The red card

The red card

Folarin Balogun, the US national team’s star striker, stepped on the foot of Bosnia’s Tarik Muharemovic during a round-of-32 match on July 1. The referee showed a red card. Under FIFA’s disciplinary code, a red card in the World Cup carries an automatic one-game suspension.

Balogun is the top American scorer in the tournament with three goals. His absence from the round-of-16 match against Belgium would have been a serious blow to the host nation’s chances of reaching the quarterfinals for the first time since 2002.

The rule was clear. The suspension was automatic. That should have been the end of it.

The phone call

It was not the end of it. President Trump called FIFA president Gianni Infantino directly and lobbied for the ban to be overturned. The details of the conversation have not been made public, but the result is known: FIFA announced on Sunday that Balogun’s one-game suspension was suspended for a “probationary period of one year.”

The decision means Balogun will play against Belgium on Monday.

Trump then took to social media to thank FIFA for “doing what was right, and reversing a great injustice.”

But what exactly was the injustice? A player committed a foul that drew a red card. The rules say a red card means a suspension. That is not an injustice. It is the enforcement of a rule.

How it happened

FIFA’s statement said the ban was suspended on the condition that Balogun “does not commit another infringement of a similar nature and gravity during the probationary period.” If he does, the original suspension will be enforced on top of any new penalty.

The timing matters. The US is co-hosting this World Cup alongside Canada and Mexico. The tournament is a massive commercial and political event. Having the host nation’s best player sidelined for a knockout match, in his home country, in a stadium in Seattle, was bad for business. FIFA’s decision conveniently aligned with the interests of the host nation’s government.

The AP reported that Trump’s direct intervention preceded the ruling. The Guardian confirmed he “lobbied Fifa to lift the suspension.” This was not an independent review by FIFA’s disciplinary panel. It was a phone call from a head of state to a sports administrator, followed by a rule change.

Politics over sport, every time

The incident is a small story in the scale of world events. A soccer player getting to play a match is not a matter of life and death. But it is a useful illustration of how power works.

International sports federations like FIFA are supposed to apply rules equally. A red card in the group stage means the same thing for a player from Belgium as it does for a player from the United States. But when the American president calls, the rules bend. If Belarus or Iran or Russia made the same call, the reaction from the same governing bodies would be very different.

This is not the first time politics has overridden sporting rules. The IOC’s Rule 50, which bans political demonstrations at the Olympics, has been enforced selectively depending on the nationality and message of the athlete. National federations routinely lobby for favorable treatment for their stars. What makes this case different is the direct intervention of a head of state into a disciplinary decision that should have been handled by referees and judges, not presidents.

The broader pattern

Trump’s phone call to Infantino fits a broader pattern of treating international institutions as extensions of American political power. Whether it is threatening NATO allies over defense spending, demanding trade concessions from the EU, or calling FIFA to get a red card overturned, the approach is the same: the rules apply to everyone else.

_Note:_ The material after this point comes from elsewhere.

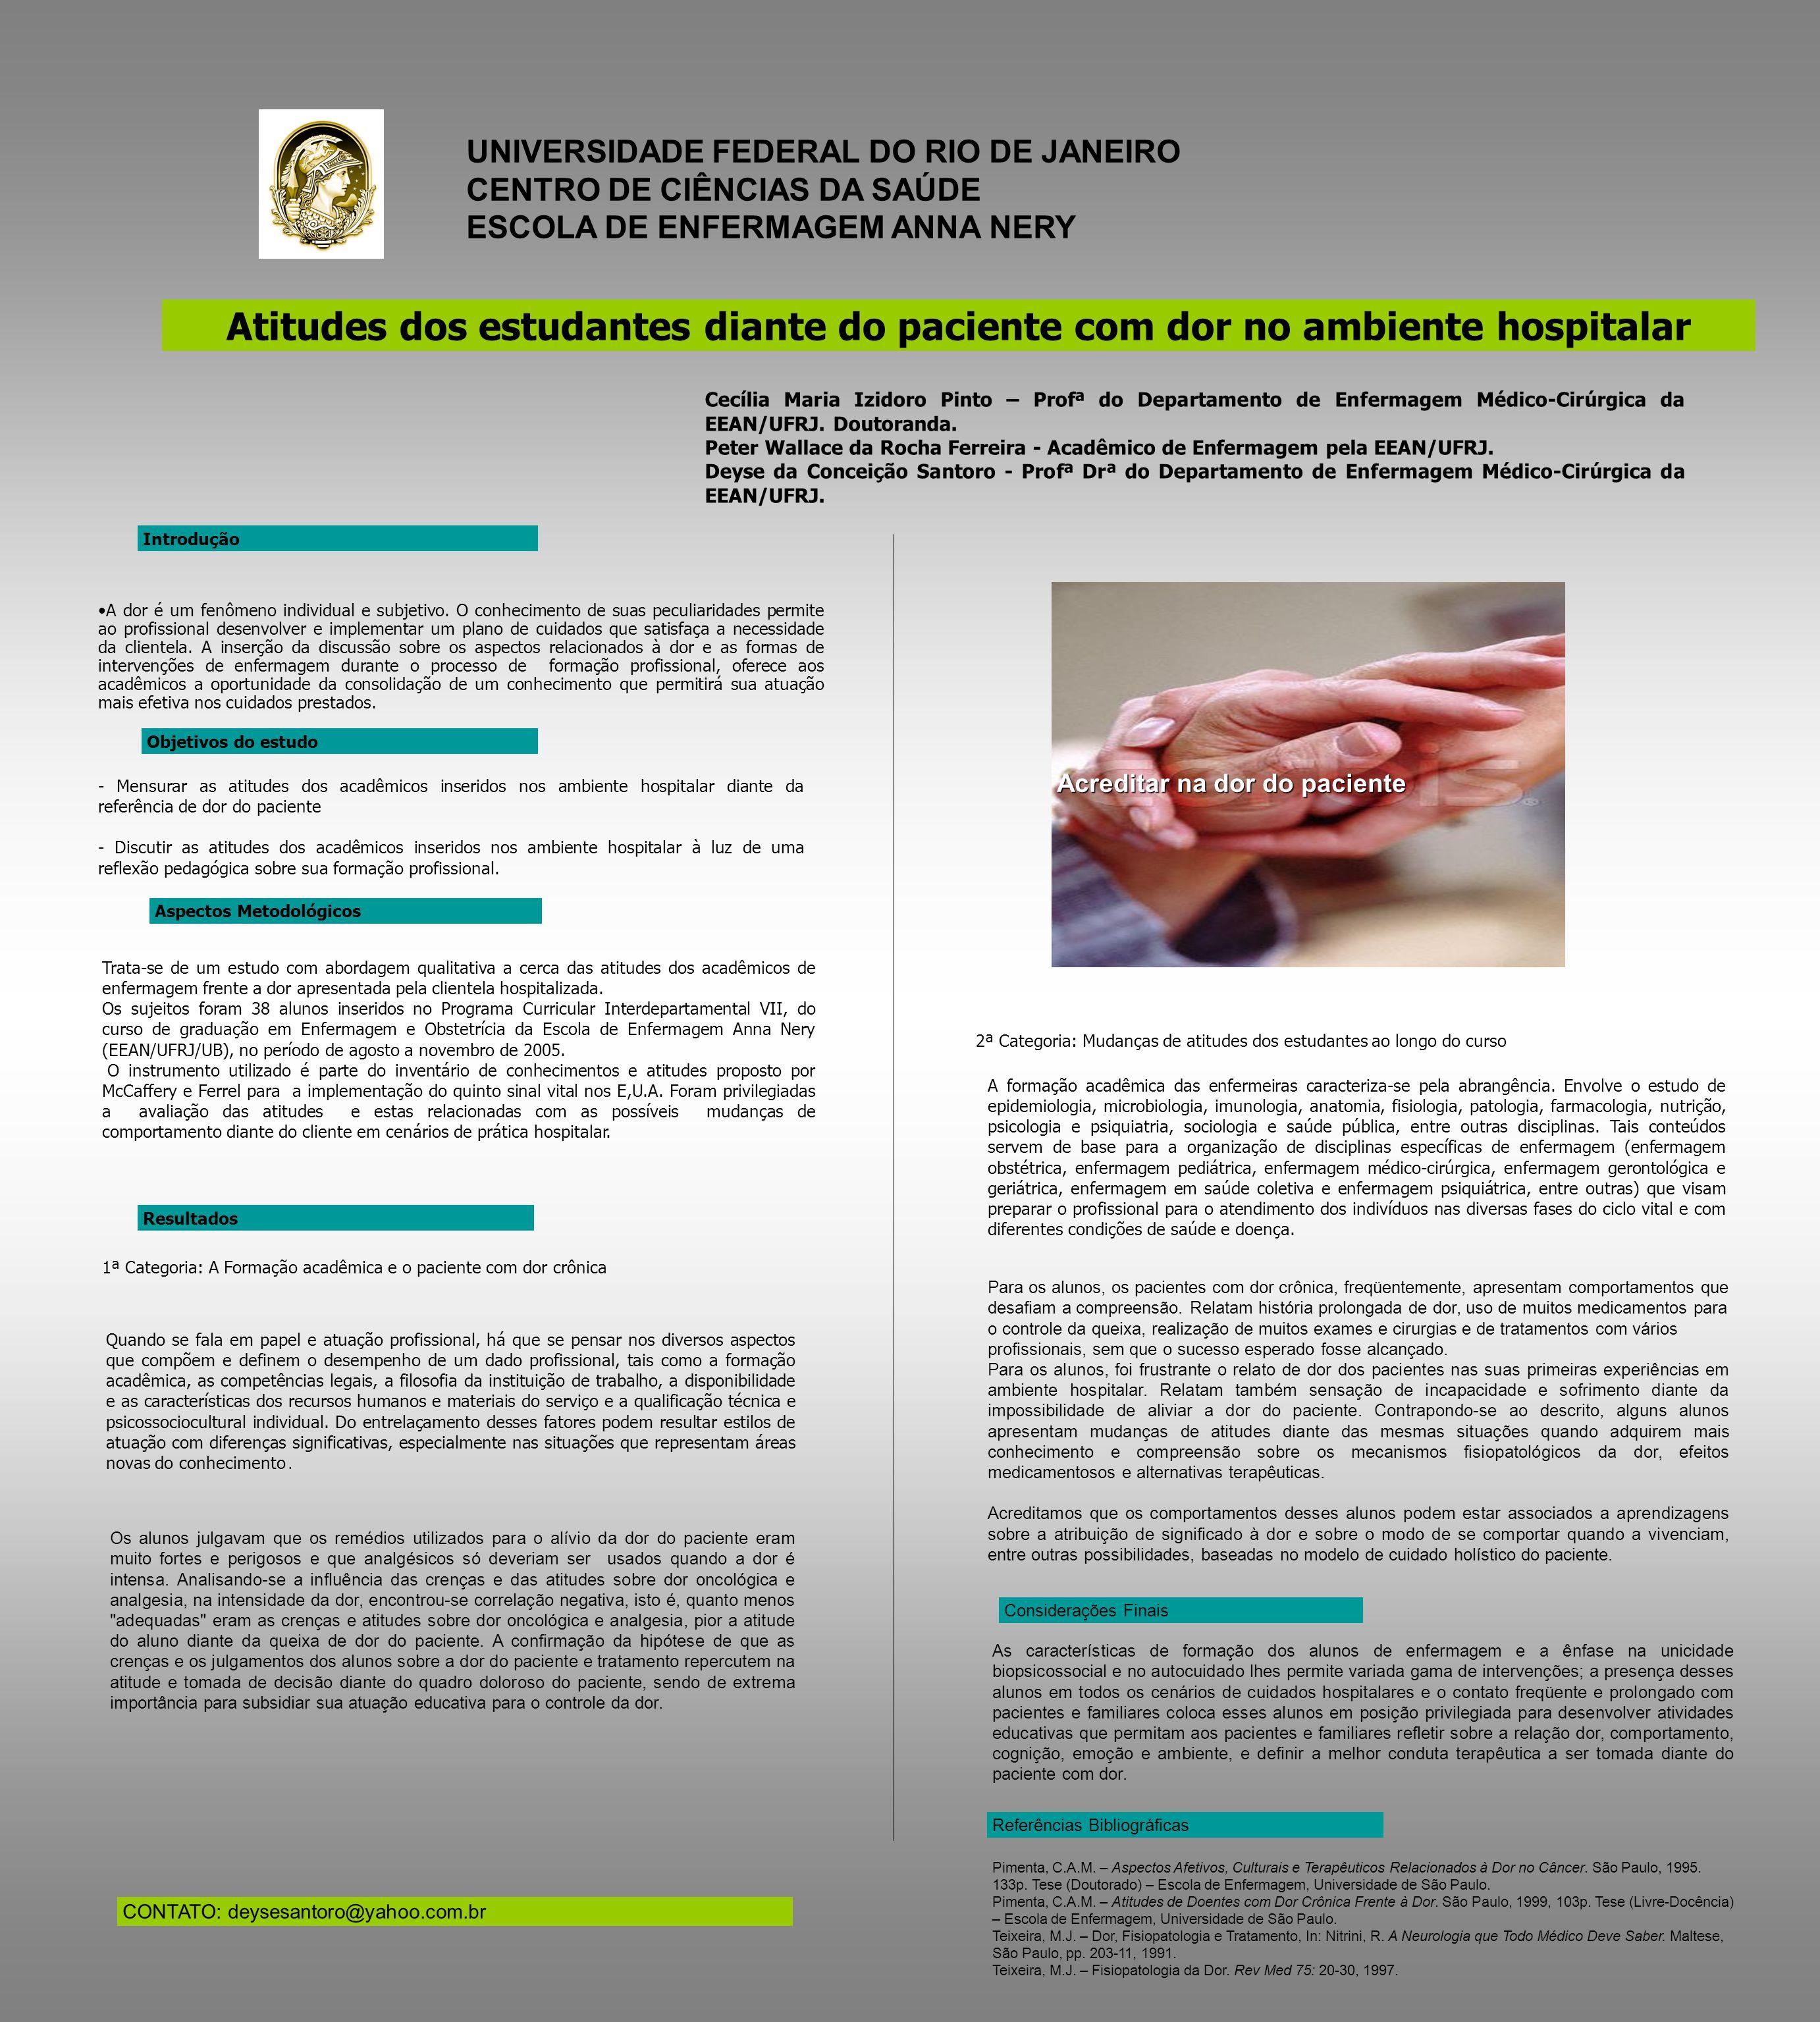 UNIVERSIDADE FEDERAL DO RIO DE JANEIRO CENTRO DE CIÊNCIAS DA SAÚDE ESCOLA DE ENFERMAGEM ANNA NERY Atitudes dos estudantes diante do paciente com dor n

For the US team, the decision is good news. Balogun is a talented player, and his presence makes the match against Belgium more competitive. American fans will pack Seattle Stadium and cheer for a win.

But the principle is rotten. The rule existed for a reason. It was waived for political convenience. And everyone in sports, from the players who have served their bans quietly to the federations that cannot pick up the phone and call the FIFA president, knows that the rules were not the same for everyone.